Therapeutic Workshop
RNAi: "Fast-Forwarding a Nobel Idea"
Monday, February 11, 2008
9:30 AM
Duke of Windsor
The discovery of RNA interference (?RNAi?) has been heralded as a major breakthrough in science, opening up the potential for treatment of an exhaustive list of human diseases. Yet development of RNAi therapeutics still remain by and large early-stage endeavors as companies focus their efforts on securing intellectual property and developing proprietary delivery methods.
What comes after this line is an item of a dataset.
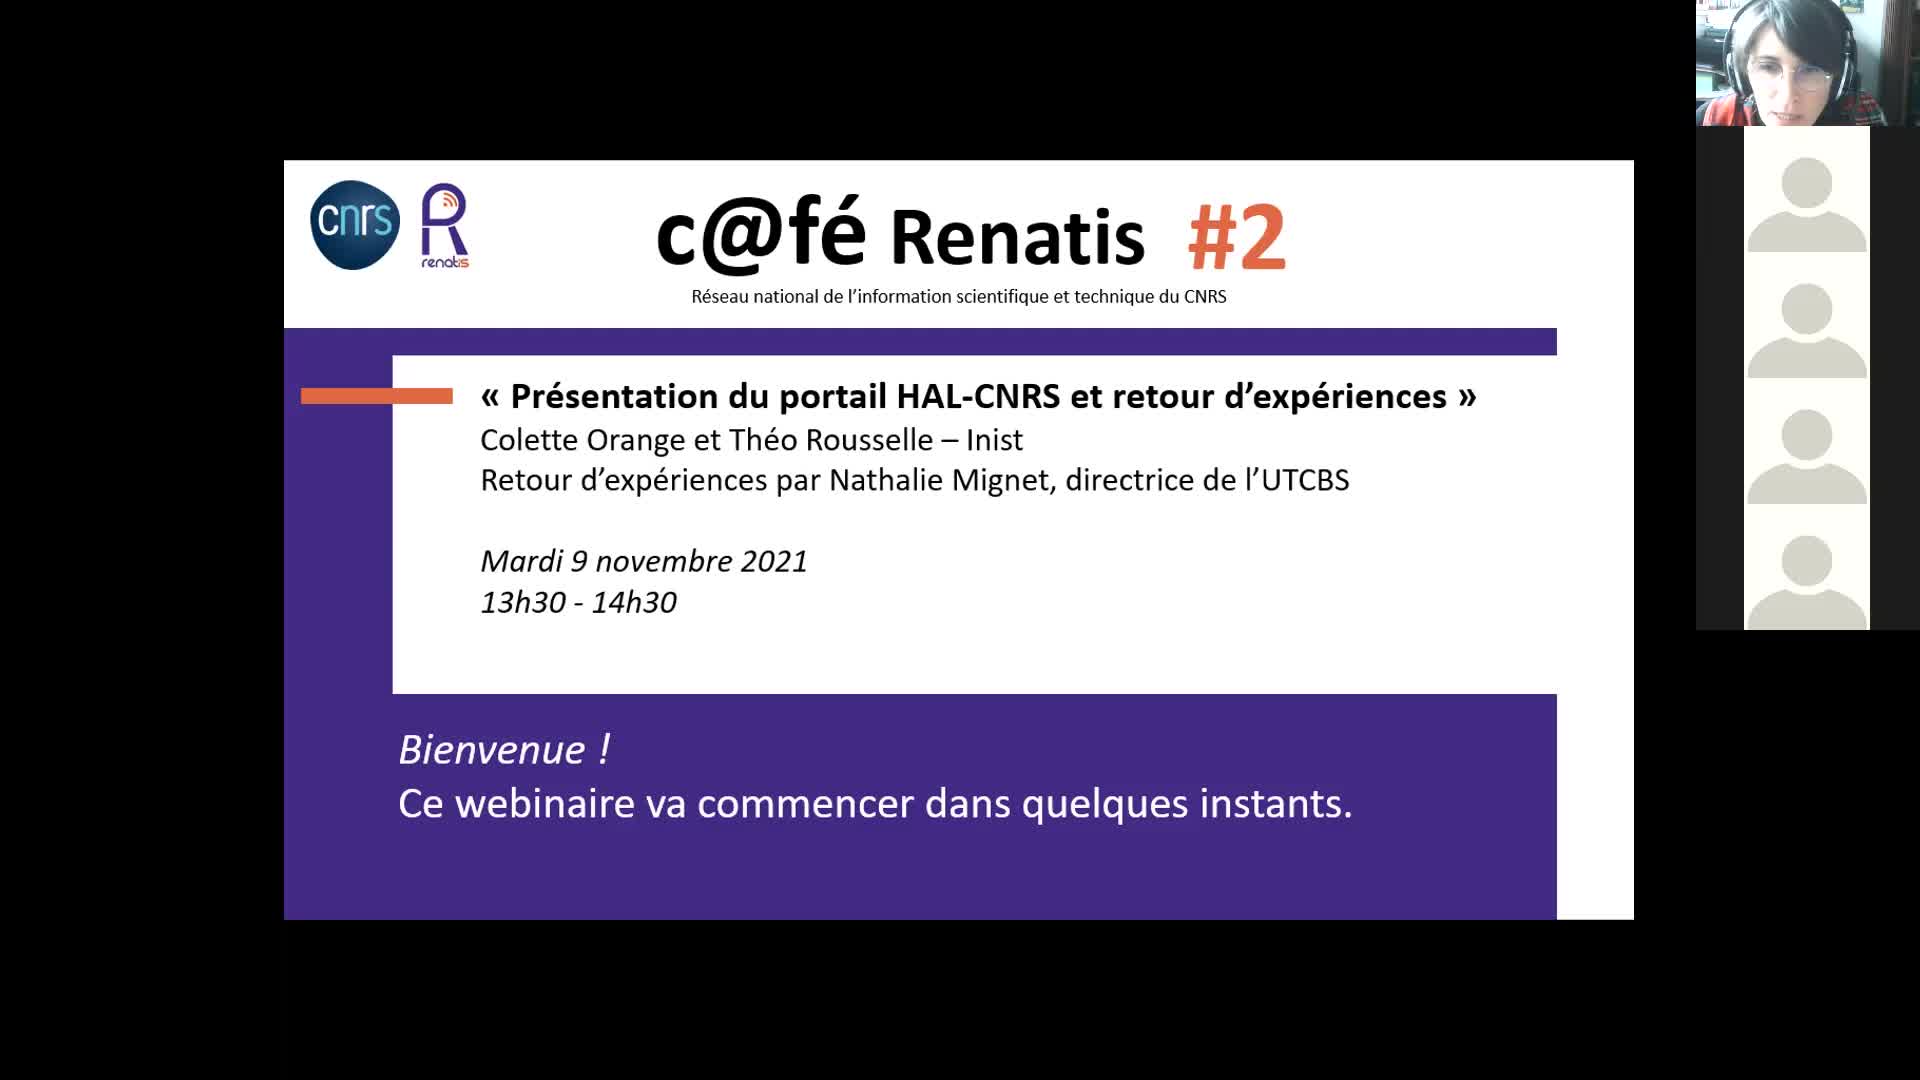 C@fés Renatis - Retours d'expérience du portail HAL Cnrs

In this session panelists will discuss why IP and delivery are essential to the RNAi development path and tell us where they think the field of RNAi will be in five years.
Moderators
- Michael King; Managing Director, Rodman & Renshaw
Panelists
- John Maraganore, Ph.D.; CEO, Alnylam Pharmaceuticals
- Kleanthis Xanthopolus, Ph.D.; CEO, Regulus Therapeutics
- Roberto Guerciolini, MD; SVP, Pharmaceutical Development, Dicerna Pharmaceuticals
- Tod Woolf, Ph.D.; President and CEO, RXi Pharmaceuticals
- Anton McCaffrey, PhD; Assistant Professor, Dept of Internal Medicine, University of Iowa
Who's Who
Expert: Dr. McCaffrey's research focuses the role of RNA in human disease and the development of nucleic acid based therapeutics. Recently, his team developed small animal models of hepatitis B virus (HBV) and hepatitis C virus (HCV). They have used these models, in conjunction with bioluminescence imaging, to perform in vivo structure/function studies of HCV translational initiation. Using in vivo imaging in mice we were also able to show that RNA interference (RNAi) is functional in adult mice. The team then used the methodologies developed in these pilot studies to design and test RNAi-based inhibitors of HBV in mice. They found that short hairpin RNAs (shRNAs) were potent inhibitors of HBV replication in vivo . They are currently assessing the feasibility of delivering nuclease-stabilized short interfering RNAs as well as HBV shRNAs expressed from viral vectors in mice.